Starting point is 00:27:02 So an interesting question there, Fried, because we're seeing, even in our liberal democratic societies, actions on the part of government restricting civil and individual liberties in ways that we never would have expected in our own lifetime. So does this encourage maybe both peripheral states? You think of Hungary that kind of is teetering on liberal democracy, drifting into autocracy. you look at countries like Turkey that are more firmly in that direction. What's your feeling? Does COVID-19 help the autocrats? Yes. There's a famous historian, Charles Tilley, who once had a great phrase.
Starting point is 00:27:37 He said, war makes the state, and the state then makes war. And this point being that any time you have a war, the powers of the state grow. Now, if you think about war in a more broader sense than a war, kind of great national emergency in which the government is given license. That allows the government to take on powers. It allows it to make the citizens do what it tells it. And in that sense, this war against this virus is exactly that kind of a war, where the government is given more leeway, the government has more power.
Starting point is 00:28:11 So you see it with Orban in Hungary, most clearly, is essentially dissolved parliament and said he's going to rule by decree. You're seeing it a little bit in India, where the government has taken on greater and greater powers. The central government, for example, has overruled state governments. India usually has a vigorous degree of federalism. You also see it with regard to the press. Modi has taken the opportunity to clamp down on some parts of the media,
Starting point is 00:28:39 the few parts of the media that have not been intimidated by him. So I think you are seeing disturbing tendencies. One thing one has to point out is you've not seen it in the Western world, including the United States. Trump may talk about having total powers, but the beauty of the American system was within 12 hours, 10 governors criticized him for it and pointed out that whatever he may say, they were not going to close or open their states based on his dictum, that they had independent constitutional authority. In fact, the head of the National Governors Association, who's a Republican, said that as well. So what you see is in these societies, the institutions are fighting back.

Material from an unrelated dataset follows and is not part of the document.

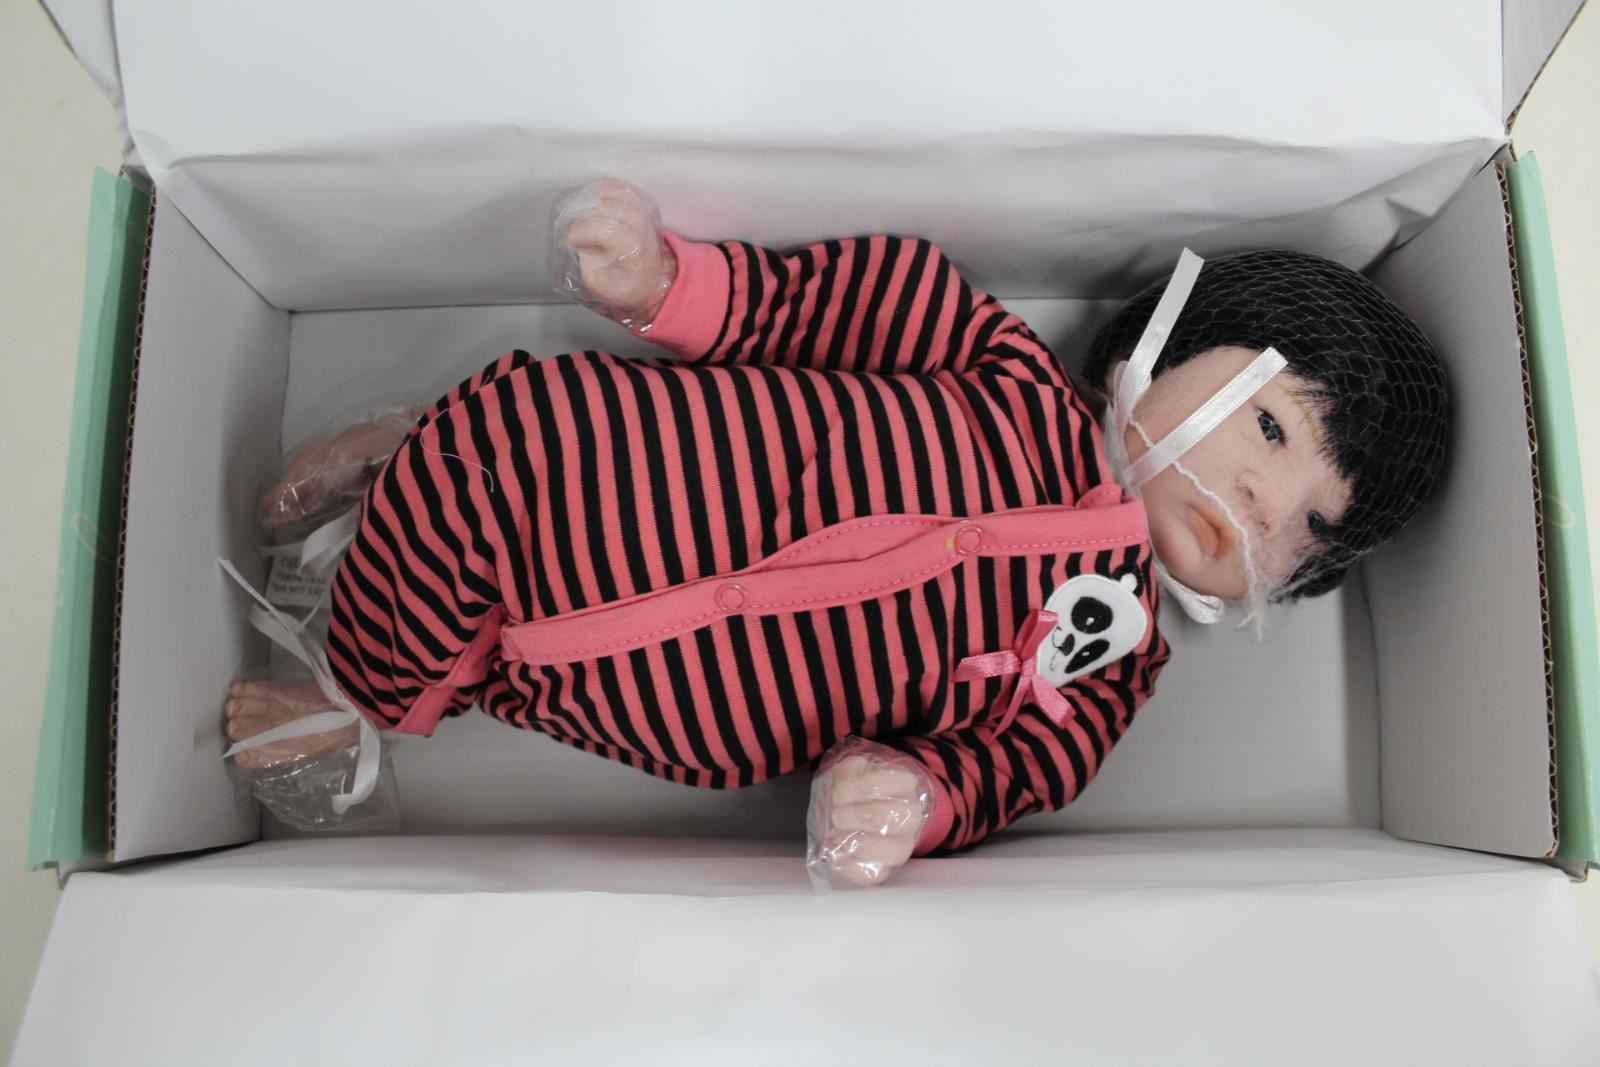 Amichevole Bnib Paradise Galleries Panda Twin Newborn Weighted Baby Doll Girl Hand Painted Guidare Un Commercio Ruggente

Starting point is 00:29:19 But I think this is the great tension and this is the great danger. I worry much less about the things that you all sometimes hear about, which is, are we going to have a surveillance system which gives up our privacy? Look, I give up my privacy when I'm shopping on Amazon. You know, Amazon knows what I'm buying. It knows what websites I'm going to, not just Amazon, Google, Facebook, all these people. If I'm willing to give that privacy up to Google or Facebook or Amazon, I'm perfectly happy giving up something. privacy in order to have a system of pandemic preparedness or epidemic preparedness where we have the ability to pool and analyze and assess information. As long as we live in a democratic society
Starting point is 00:30:03 in which there are controls where this data is maintained anonymously, where it cannot be used or misused. Maybe I'm too trusting, but I believe that that is the key. You cannot take an absolute disposition and say you will never be able to look at my data. I mean, that's absurd. You're letting Amazon look at your data and you don't want the federal government to look at it to prevent a pandemic or to prevent the acceleration of an epidemic? No, what you want is to have this democratically control with constitutional rights, liberty, checks and balances, courts and things like that. So I am willing to do that. What I'm wary of and what you're seeing as you pointed out in some of the countries you're seeing is the government using this to deprive us of
Starting point is 00:30:48 liberties. Some of that happened after 9-11 in the United States. The Patriot Act needs to be real scale back. Government has too many powers. Homeland security is a vague concept under which the FBI and the CIA have too many powers. All that is real. But so far, the greatest danger we're seeing is in countries like Hungary, to a certain extent, I mean, Philippines, Duterte said to his police. If anyone violates the curfew, you just shoot them. I worry about Turkey where Erdogan has always had a tendency to accumulate power. So again, it's one of these things where it accelerates trends that were already underway. Already Hungary was losing its democracy. Already Modi had become more and moreocratic. Already Erdogan had been depriving people of liberty. And that process is
Starting point is 00:31:36 accelerating. Great. Let's go on to our next question. Are we seeing a positive effect on the environment? Will there be changed to try to reduce these negative effects on our planet? I guess he's referring to climate environmental threats. It has been quite remarkable for a reed to see how in the face of this crisis, we have had definitive, urgent, sweeping action. But in the face of the challenge of climate, that type of action has been missing. Do you think that that remains the status quo? or in this response to COVID, will there be a new renewed energy around trying to tackle climate? Or does climate now get put off because economic growth is going to be just about every single focus for every single government out there? As always, you have all the issues parsed exactly right.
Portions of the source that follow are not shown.